Restaurant Review


Sea-wind foam, porcini "soil" and neon-hued gels are part of what Tre Ghoshal, chef/owner of Adara in Montclair, calls "postmodern dining," sometimes known as molecular gastronomy. "It can and should be be witty, provocative sleight of hand," writes Pat Tanner in her review. Does Adara meet that standard? Read her and find out.

If you enjoy dinner-as-theater, you’ll relish what chef/owner Tre Ghoshal terms “postmodern dining” at “the first restaurant of its kind in New Jersey…specializing in molecular gastronomy.” Expect clouds of hickory smoke, smoldering dehydrated vanilla beans, sea-wind foam, porcini soil, neon-hued gels and savory liquid-nitrogen ice creams at his 52-seat BYO, which opened in October.
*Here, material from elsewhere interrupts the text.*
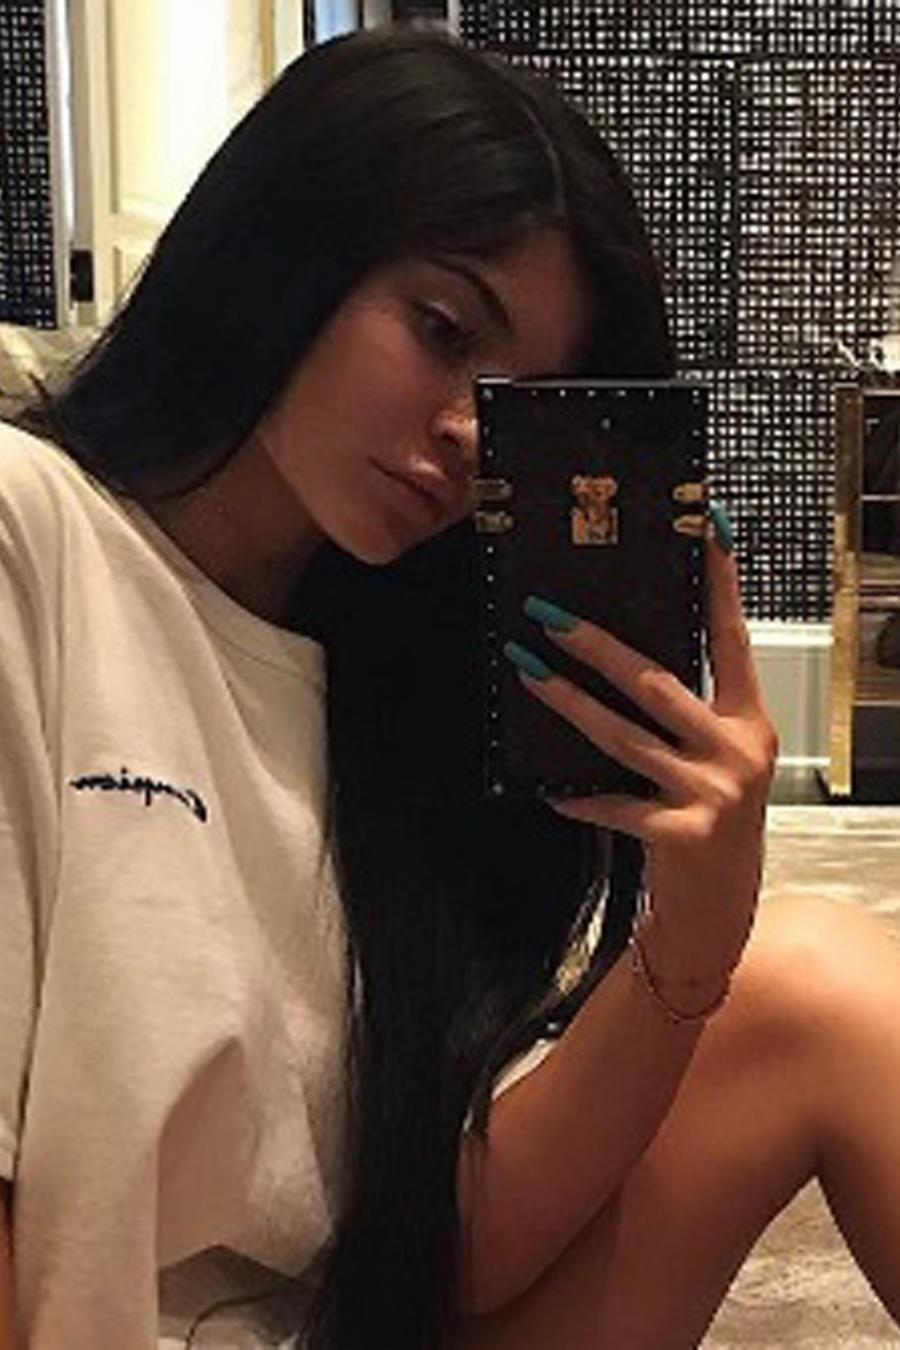 Kylie Jenner con botas y camiseta larga

While it’s true that Adara is the first to rely almost exclusively on chemical texturizers and high-tech equipment like centrifuges, immersion circulators, the Anti-Griddle and the Smoking Gun, other New Jersey restaurants have been using these for a while (Elements in Princeton comes to mind). 
Having been a chef at two Montclair restaurants, Market and Nouveau Sushi (both gone), Ghoshal sees Adara (which loosely translates as “love” in Sanskrit) as his inevitable next step. “Our numbers make sense,” he says. “People may want or expect us to close within months, but we’re in this for the long run.”
Ghoshal, 31, has been working in kitchens since he was 14, including in Northern California. “After that, I discovered Paris and Japan, so French fusion provides the foundation for what I do,” he begins. “At the same time, food trends were developing very fast, and although I did not come from molecular gastronomy kitchens, I was learning avant-garde food.” Ghoshal has said repeatedly that he hopes to burst onto the New York restaurant scene and that he’s aiming for Michelin stars.

He is betting on dishes like the Smoking Crudo starter to take him there. It is dramatically presented under a clear glass contraption that, when lifted, emits clouds of smoke that conjure autumn leaves burning. The smoke disappears almost immediately, revealing its central ingredients: a winning combo of wagyu beef carpaccio fanned around a mound of pristine yellowtail hamachi, the beef subdued enough in flavor not to overwhelm the delicate fish. But wait, there’s more! Arrayed around the rim of the plate are four dots of glowing green apple gel. And there’s foam made with peppercorn. We ordered this dish on two occasions, and on one the foam was all bitterness, no flavor. The second time around the bitterness seemed to have been tamed, but still no discernible flavor.

This dish represents a pattern here. The proteins that form the centerpiece are exquisite. Fish and meat are cooked sous vide, resulting in silky textures and enhanced flavor. Thus, black cod in a black lime gastrique and ginger broth is a winner, as is lamb epices, which features a succulent, thick lamb chop on the bone, a decadent goat-cheese fritter and smoky (without actual smoke) baba ganoush. But the lamb dish comes with an affected precursor. Several minutes before the plate arrives, the diner is presented with a pale-gold translucent sheet suspended on an alligator clip and told to let it melt on the tongue. My tablemate who ordered it detected pleasant smoky spices, but any effect disappeared long before the dish materialized.

I have personally enjoyed modernist cuisine (yet another term) in restaurants from New York and New Jersey to California and Madrid. When done well, it leaves me marveling at how nature’s flavors can be so absurdly intensified, and at unexpected textures that offer new insight into an ingredient or flavor juxtaposition. It can and should be witty, provocative sleight of hand, every bit as enjoyable as, say, watching a master magician at work. That sometimes happens at Adara—where the food is at least gorgeous to behold—but not often enough. Ghoshal himself reports that he has received mixed reviews from customers.

The three-course pre-fixe for $59 is the best deal here, as you get choices among two apps, two desserts and three entrées, as well as a complimentary amuse and intermezzo. If you want to experience the 5-, 7-, or 12-course chef’s “tours,” you must let the restaurant know at least 24 hours in advance, and the whole table must participate.

Two months after the opening, I detected improvements. But there are no nightly specials. Once you’ve worked your way through the six starters, seven entrées and five desserts, will the novelty wear off? I have to wonder about the restaurant’s long-term viability.